Mickelberg v Director of the Perth Mint [1986] WAR 365

Port of Melbourne Authority v Anshun Pty Ltd (1981) 147 CLR 589

Ramsay v Pigram (1967) 118 CLR 271

Walton v Gardner (1992) 177 CLR 378

  1. KEEN DCJ: The plaintiff applies by chamber summons dated 2 November 2006 for the defendants' defence dated 15 September 2006 to be struck out pursuant to O 20 r 19 on the grounds that the pleading is an abuse of process and will prejudice, embarrass and delay the fair trial of the action. By the summons the plaintiff also sought that the defendant provide further and better particulars of the defence but I was informed on the hearing of this matter that that part of the application had fallen away.

The pleadings

  1. The plaintiff's claim has as its genesis a visit in the early hours of the morning of 25 April 2005 by police officers Willert and Reed to the plaintiff's premises at View Street, Subiaco in response to an alleged complaint about noise emitting from the premises.  The statement of claim dated 27 July 2006 is long and it is not necessary for me to go into detail as to all of the allegations contained therein.  Suffice it to say it is alleged in par 10 of the statement of claim that officers Willert and Reed forcibly entered the house of the plaintiff without warrant and without the plaintiff's consent.  The statement of claim goes on to allege that that entry was malicious and that after entry the police officers violently assaulted and committed battery on the plaintiff at the premises, and that that assault and battery was itself malicious.  The plaintiff claims that she sustained injuries as a result of those matters and required treatment.

  2. Apart from those matters the statement of claim goes on to allege that the first defendants maliciously falsely imprisoned the plaintiff and thereafter, maliciously instituted and continued proceedings in the Magistrate's Court in respect of alleged offences under:

    (a)Section 82(2) Environmental Protection Act 1986;

    (b)Section 318(1)(d) Criminal Code; and

    (c)Section 20 Police Act.

  3. The statement of claim also alleges against the first defendants misfeasance in public office.
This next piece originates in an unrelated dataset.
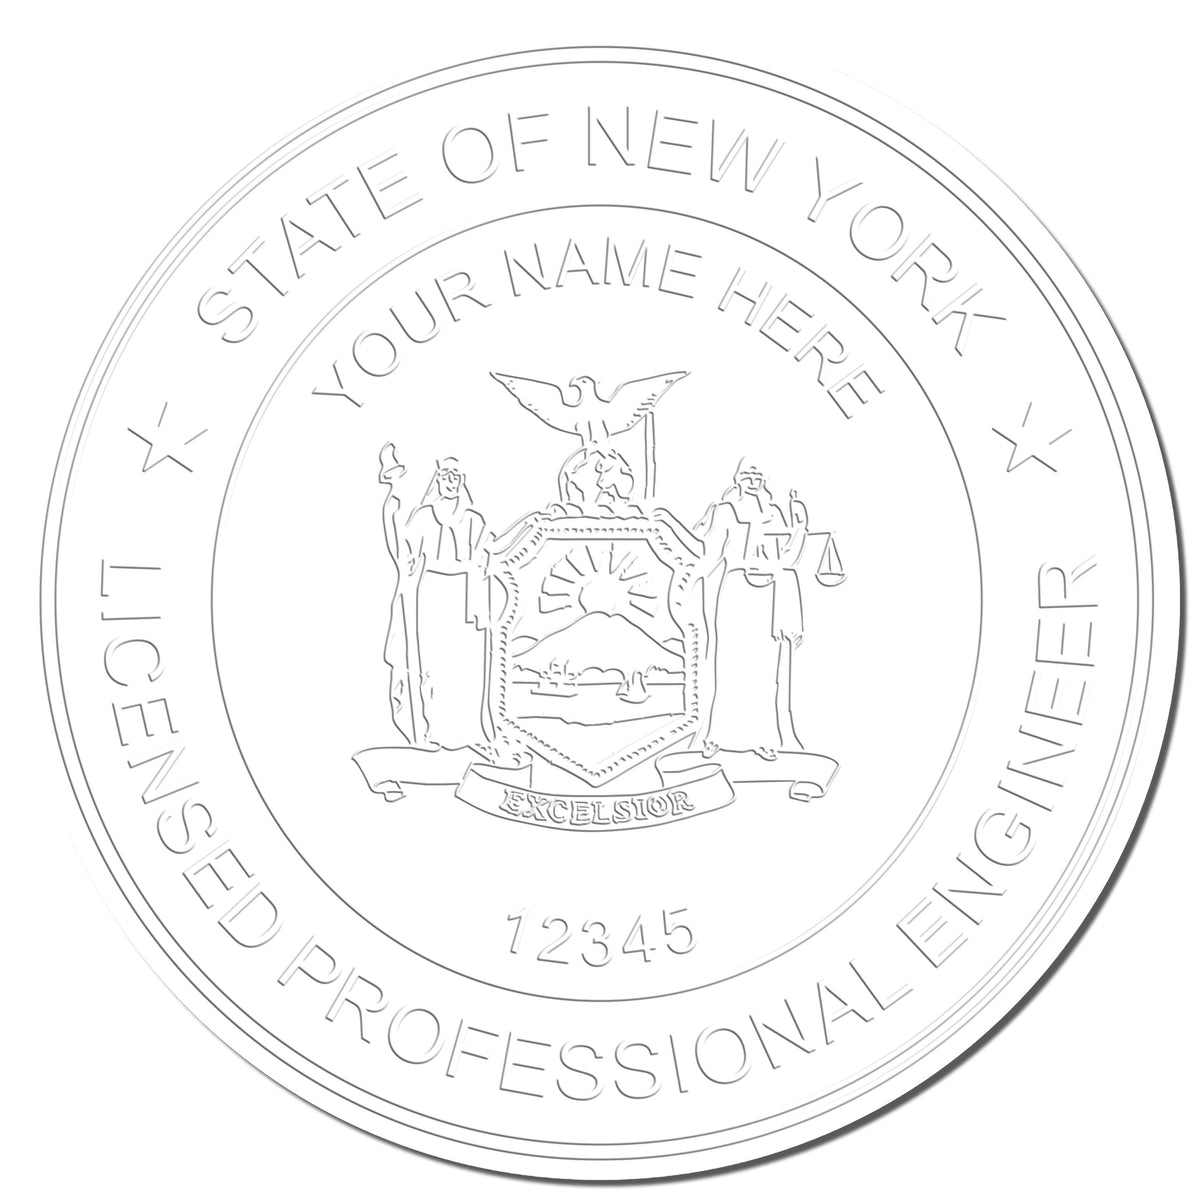 The Long Reach New York PE Seal stamp impression comes to life with a crisp, detailed photo on paper - showcasing true professional quality.
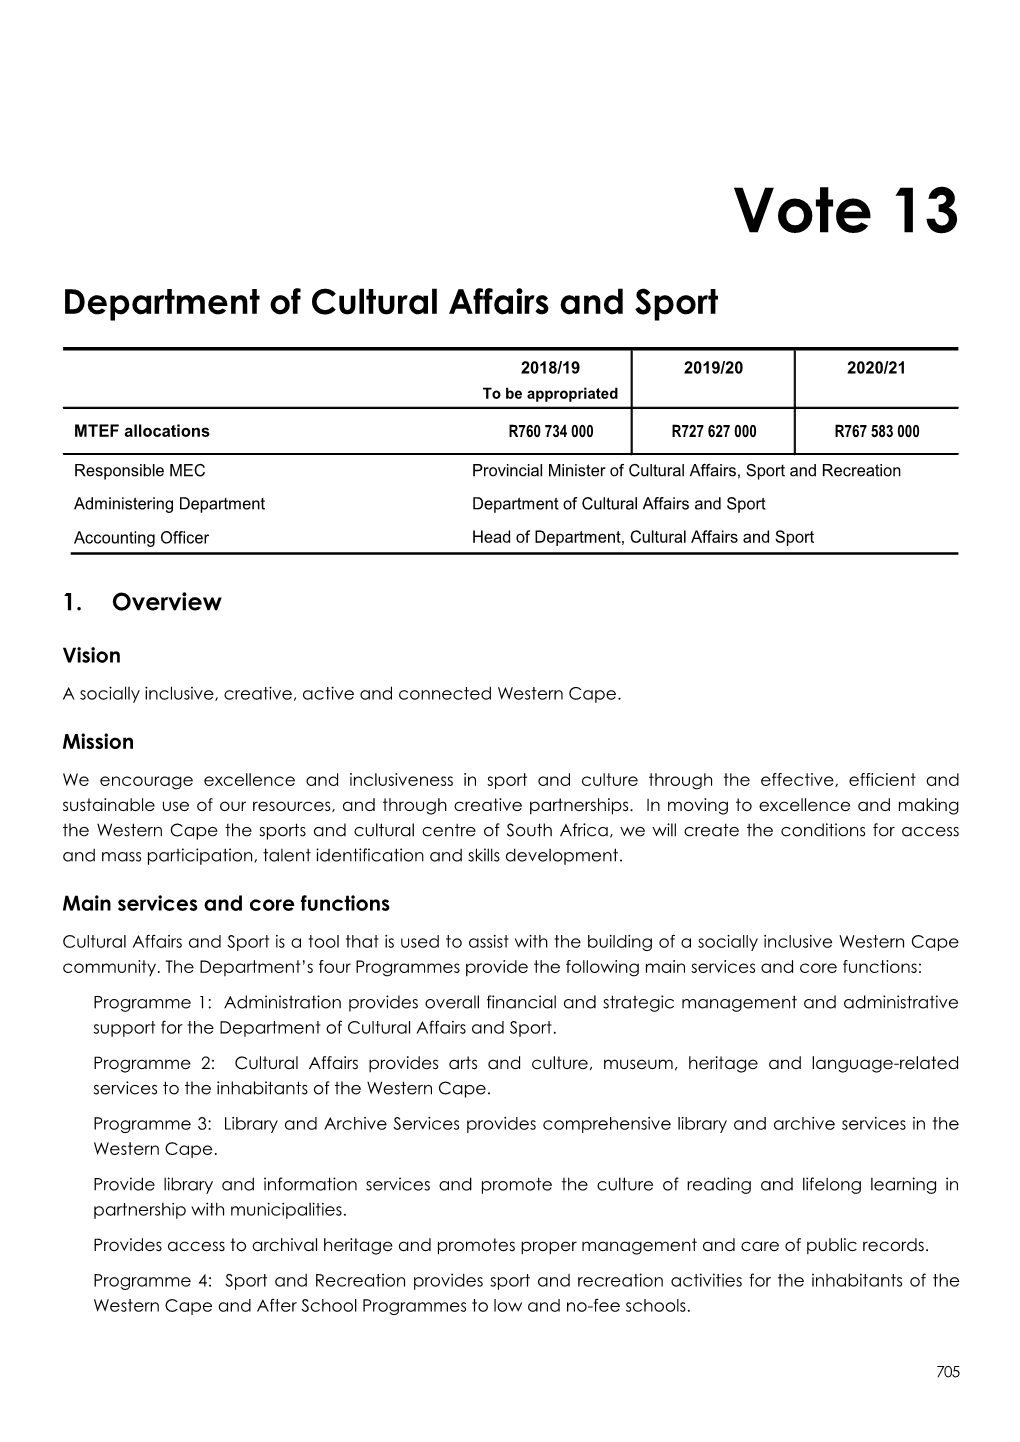 Vote 13 : Cultural Affairs and Sport

  4. The defence filed 15 September 2006 denies the allegations set out in the statement of claim.  Again, it is not necessary for me to go into all of the details, but by pars 2, 3, 4, 5 and 7 of that defence the defendants set out, by way of narrative, the events, as they allege them to be, leading to the events as alleged by the plaintiff.

  5. In a nutshell, that narrative suggests that the first defendants, responding to a complaint about noise from the premises, attended at the premises and rang the doorbell.  When the plaintiff answered the door, they requested the plaintiff to provide her name under the Environmental Protection Act.  The plaintiff refused to give her name and Willett explained that the first defendants intended to issue a Noise Abatement Notice to her.  Thereafter, it is said that Willett again requested the plaintiff to provide her name for the purposes of completing a Noise Abatement Notice, and the plaintiff refused to give her name, saying that she had already provided it.  It was requested again and she did not provide her name but attempted to close the door.  As the plaintiff attempted to close the door, Willett placed his foot in the doorway advising the plaintiff that she could not close the door and that he needed to give her the Noise Abatement Notice.  It is alleged that after Willett placed his foot in the doorway, the plaintiff unlawfully assaulted him by lashing out at him and trying to push him away with both hands from the doorway, and the first defendant attempted to defend himself and a struggle ensued.  It is said that the plaintiff further unlawfully assaulted Willett by clasping onto and squeezing his testicles, refusing to let go despite Willett screaming to the plaintiff to let go, and continued the assault until Willett was able to strike out with his arm making contact with the plaintiff's face after which the plaintiff released her grip on his testicles.  It is further said that Officer Reed then entered the premises to assist Willett, to effect the arrest of the plaintiff and to assist in his defence and the plaintiff continued to resist arrest and assaulted Reed.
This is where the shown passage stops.